Гонсалес продолжает возмущаться, а Джон-маленький, не прерывая свои гантельные упражнения, между двумя выдохами констатирует:
- Да... мы-то... всех защищаем... а вот нас... кто бы защитил... куда суд смотрит?..
Я отвечаю на его наивный вопрос.
- Туда смотрит, - говорю, - где больше дают. У кого карман пошире. Судьи, между прочим, тоже люди и хотят хорошие машины иметь и в горы ездить отдыхать. Ты видел, во Дворце правосудия стоит такая мраморная баба, глаза завязаны, а в руках весы, называется Фемида. Она, конечно, из-под повязки ничего не видит, но на какую чашу больше монет положили, очень даже ясно чувствует. Так что суду и смотреть не надо...
- Судьи, конечно, не рискуют, что их подстрелят, - говорит Джон-маленький, он спрятал гантели и завязывает галстук, - но все же я бы тех, кто стреляет в полицейских, судил построже.
- Самим надо судить, - неожиданно произносит О'Нил. - Других - пусть судьи. А если нашего тронут - наш суд и должен быть.
- Ну, этого никто не разрешит, - говорит Джон-маленький, - есть закон, там все определено, чем нам заниматься, чем прокуратуре, чем суду.
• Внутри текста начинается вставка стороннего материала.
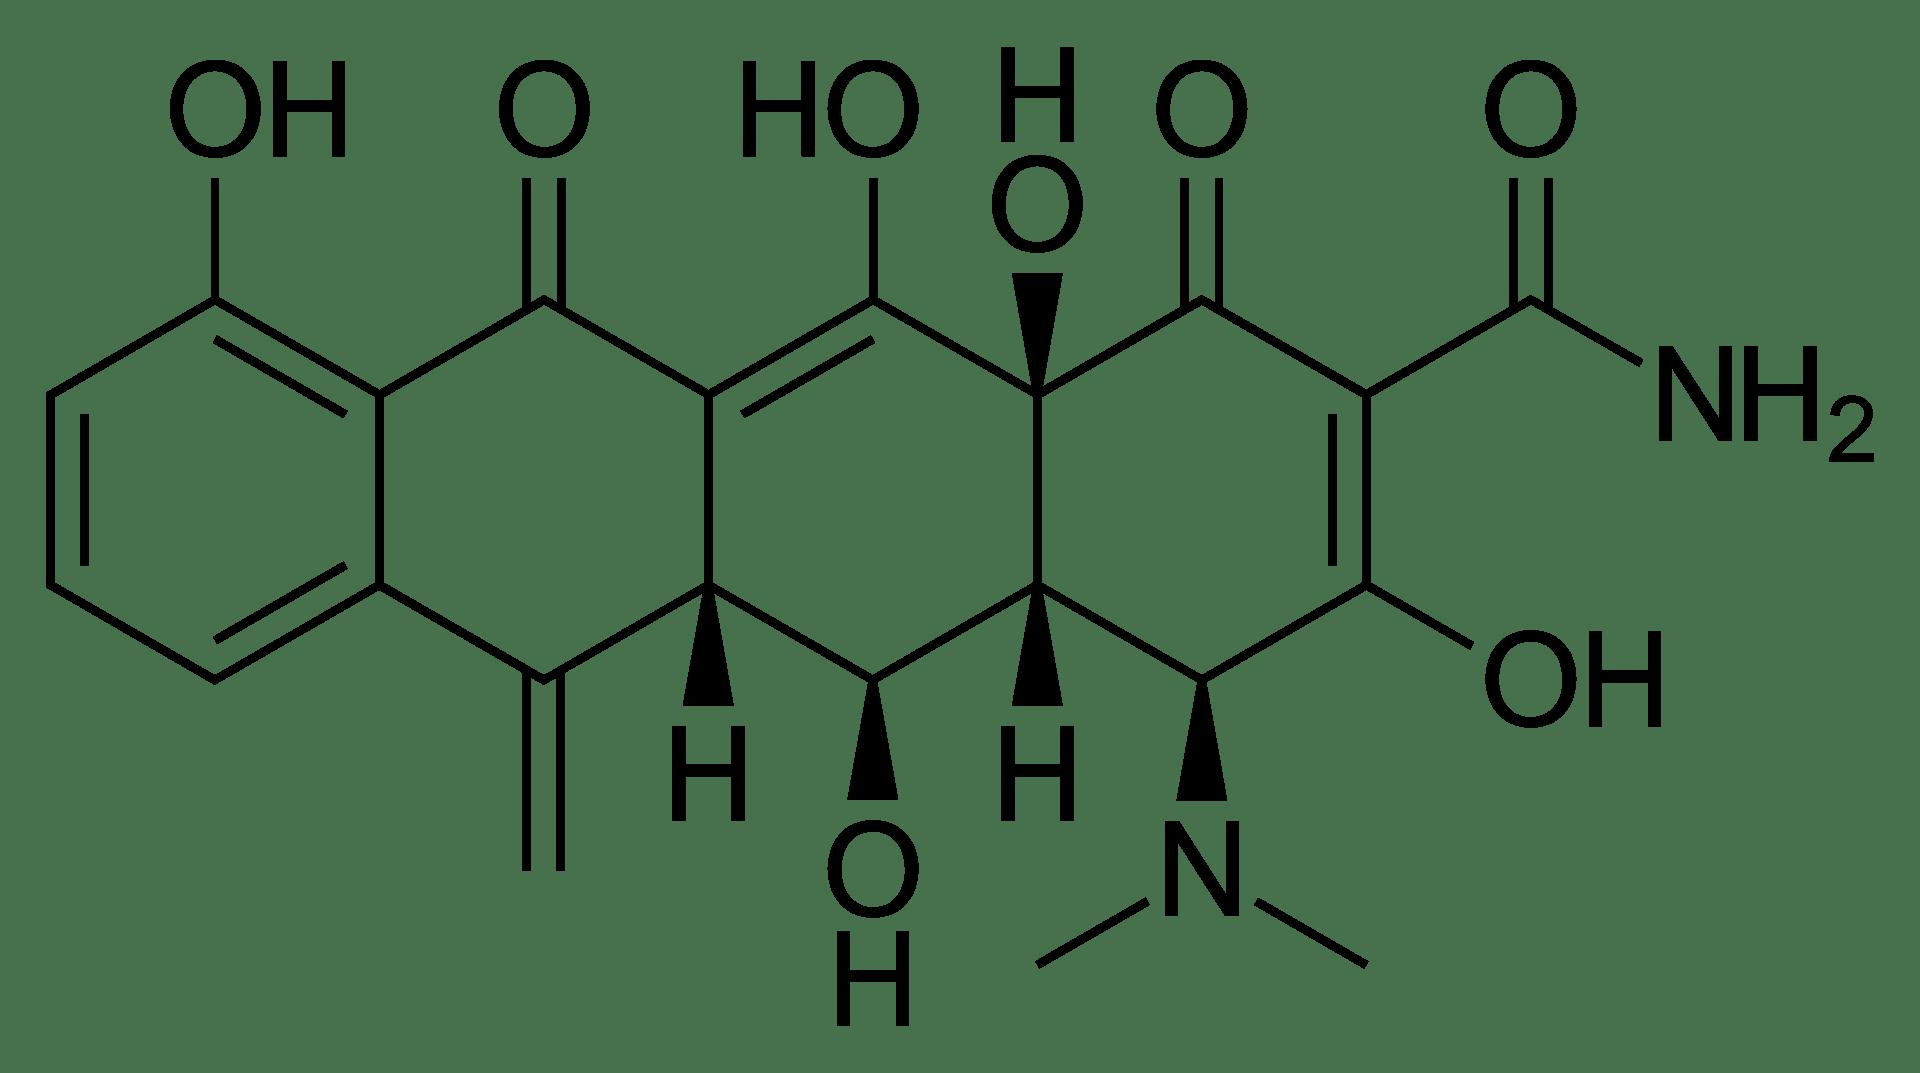 Почему антибиотик смог помочь при вирусном заболевании мозга?

Но за нападение на полицию необходимо строже карать, это верно.
О'Нил осуждающе смотрит на него.
- Эх ты, сосунок, - роняет. - Ничего, есть среди нашего брата поумней, кто знает, что делать.
- А что? - взрывается Гонсалес. - Я бы...
- Когда поумнеете, поймете. - О'Нил окидывает нас презрительным взглядом и выходит из комнаты.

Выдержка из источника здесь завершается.